(Dataset excerpt Opens)
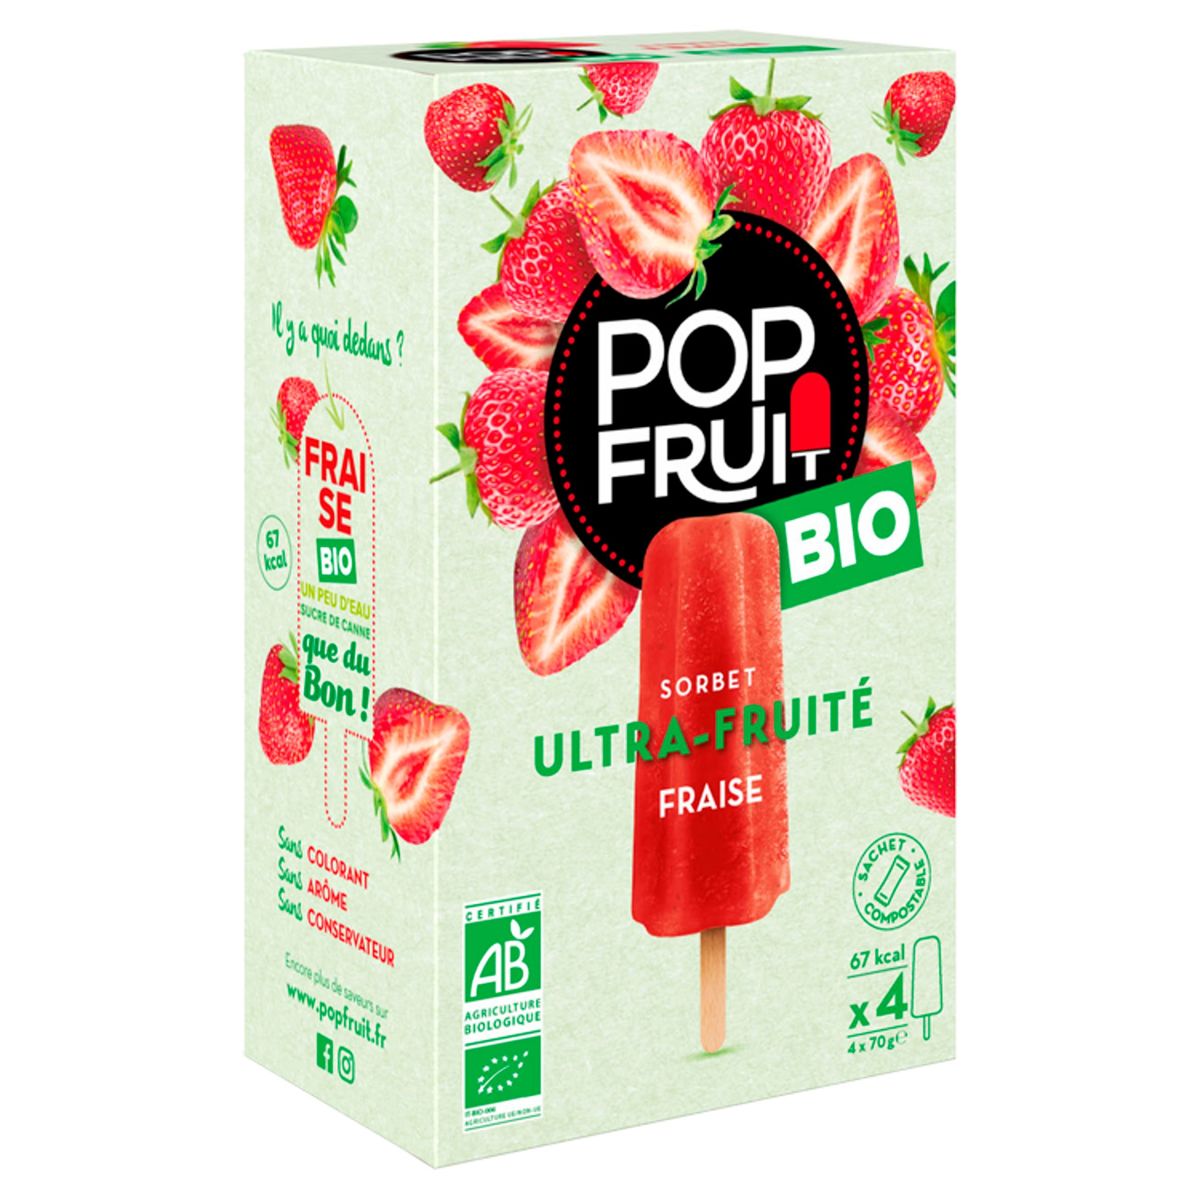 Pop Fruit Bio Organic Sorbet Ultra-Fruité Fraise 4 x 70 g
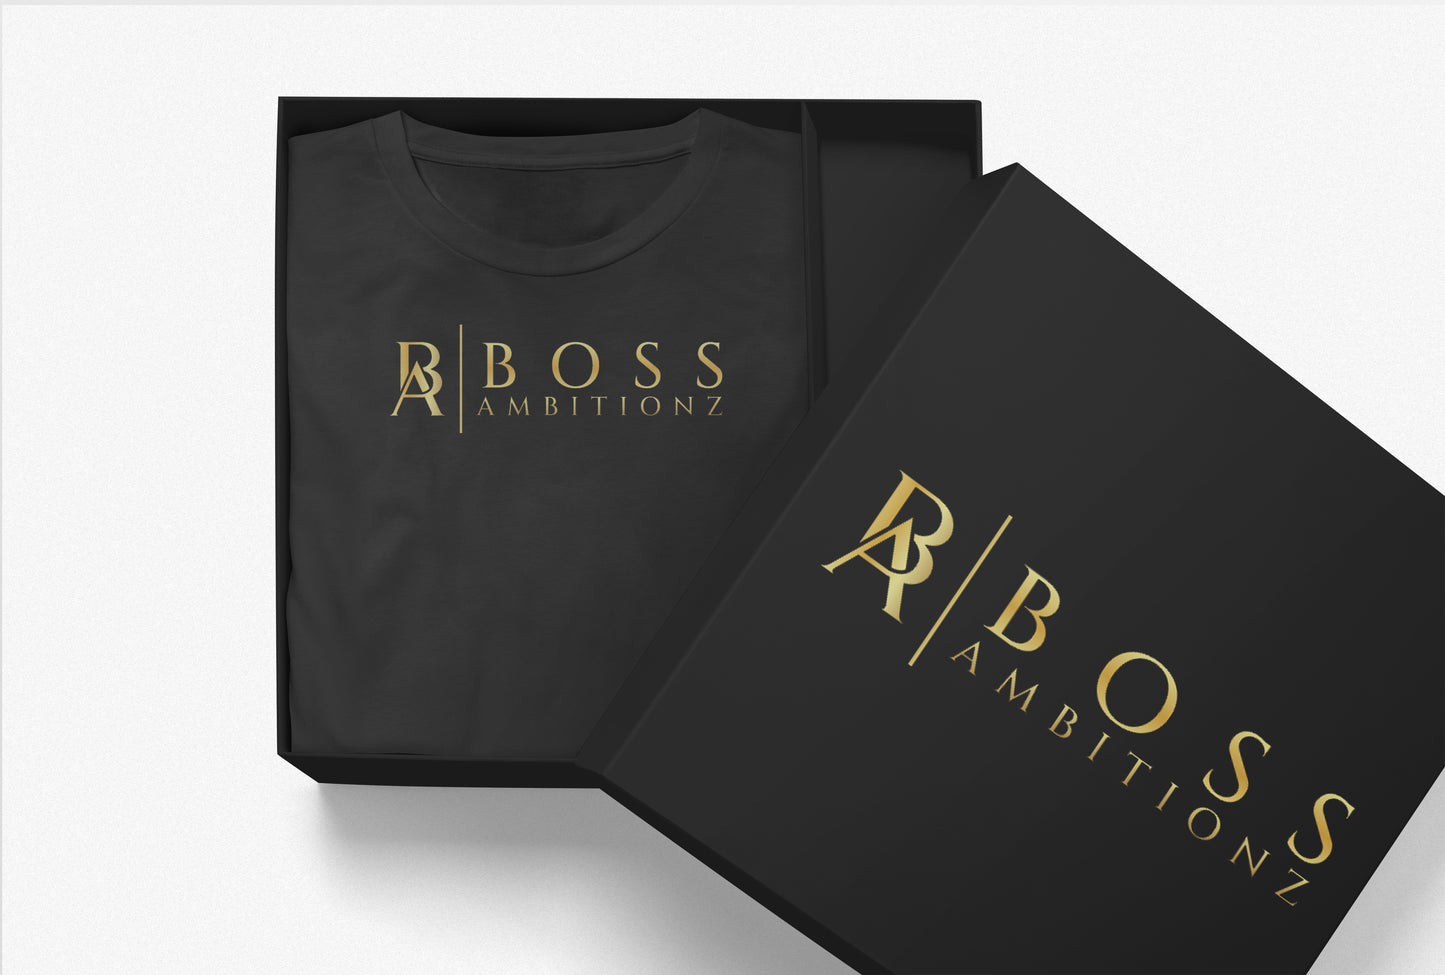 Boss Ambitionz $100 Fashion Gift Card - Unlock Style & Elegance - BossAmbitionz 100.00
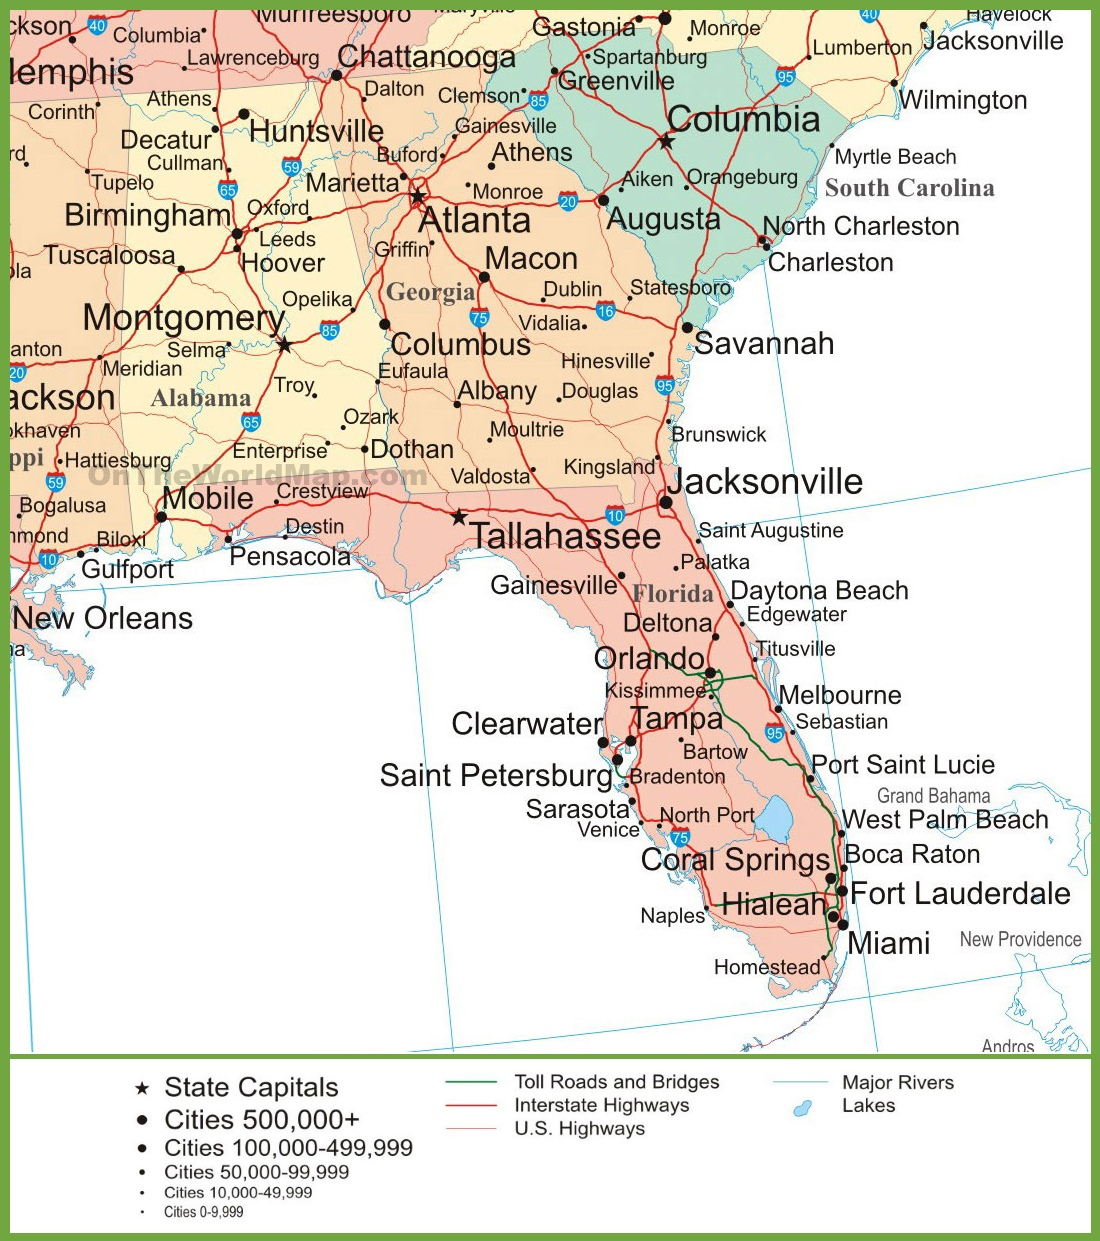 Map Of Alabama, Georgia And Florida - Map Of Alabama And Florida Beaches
(Dataset excerpt Closes)
» **Task statement**: Reproduce the lines of the listing exactly, starting at the one that contains "Boss Ambitionz $100" and continuing through the final line, but leave out the pictures.

» **Solution to the exercise**:
 Boss Ambitionz $100 Fashion Gift Card - Unlock Style & Elegance - BossAmbitionz 100.00
 Map Of Alabama, Georgia And Florida - Map Of Alabama And Florida Beaches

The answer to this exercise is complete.